Although the present invention has been described with the above embodiments, it should be understood that, without departing from the spirit of the present invention, the present invention can be further modified and changed, and these modifications and changes are within the protection scope of the present invention .

Claims (10)

1. compound, it has following structure

Wherein: R₁, R₂, R₃And R₄For hydrogen atom, straight or branched alkyl, straight or branched alkoxyl, sulfonic group, ester group, carboxyl； R₁, R₂, R₃And R₄Can be identical or different.

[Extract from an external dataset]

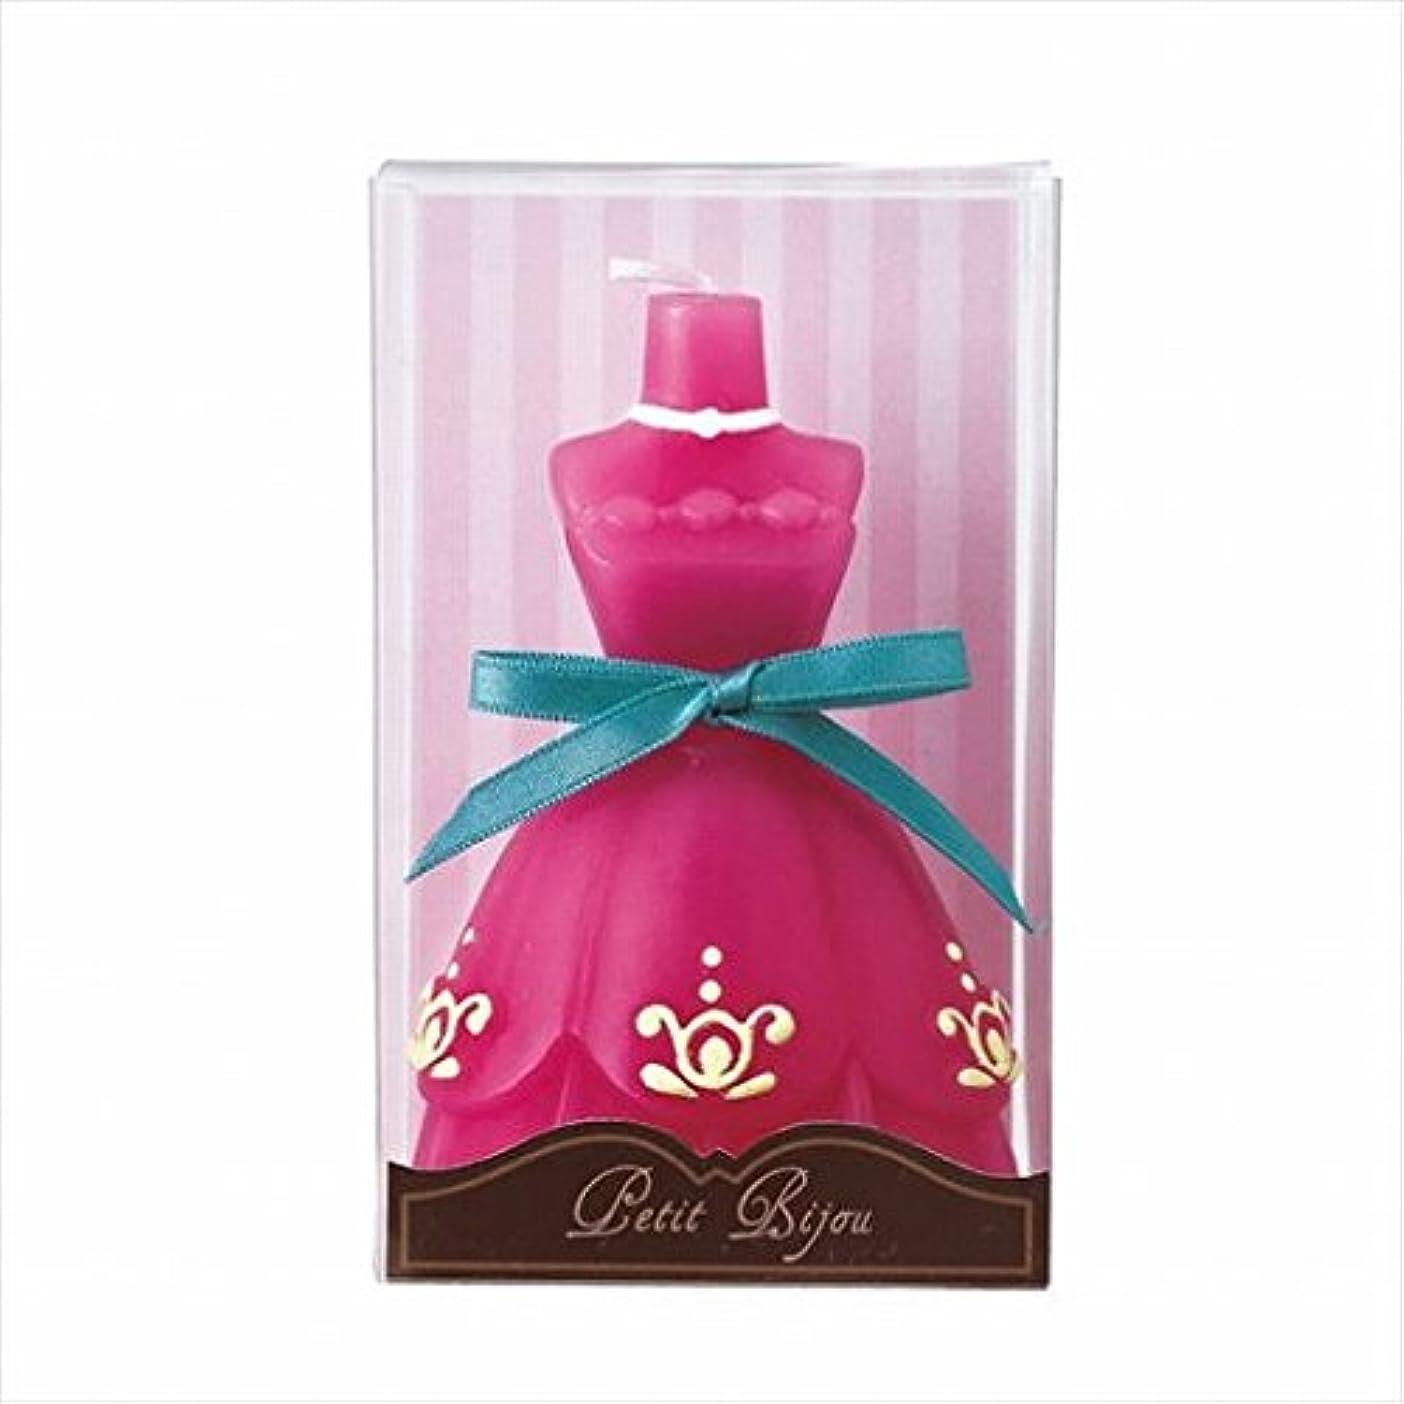 モザイク硬い食料品店カメヤマキャンドル(kameyama candle) ドレスキャンドル 「 ダークピンク 」

Compound the most according to claim 1, it is the compound of following structure:

3., for detecting inorganic mercury and the preparation of organic mercury content in sample, it comprises the compound with following structure:

Wherein: R₁, R₂, R₃And R₄For hydrogen atom, straight or branched alkyl, straight or branched alkoxyl, sulfonic group, ester group, carboxyl； R₁, R₂, R₃And R₄Can be identical or different.

Preparation the most according to claim 3, wherein said compound is:

Preparation the most according to claim 3, wherein said sample is river sample.

6., for detecting inorganic mercury and the test kit of organic mercury content in sample, it comprises the compound with following structure:

Wherein: R₁, R₂, R₃And R₄For independently selected from by hydrogen atom, straight or branched alkyl, straight or branched alkoxyl, sulfonic acid Base, ester group and the group of hydroxyl composition；And R therein₁, R₂, R₃And R₄Can be identical or different.

Test kit the most according to claim 6, wherein said compound is:

Test kit the most according to claim 6, wherein said sample is river sample.

9., according to the test kit according to any one of claim 6-8, it also includes operation instructions.

10., according to the test kit according to any one of claim 6-8, it also includes for detecting mercury ion content in sample Buffer agent.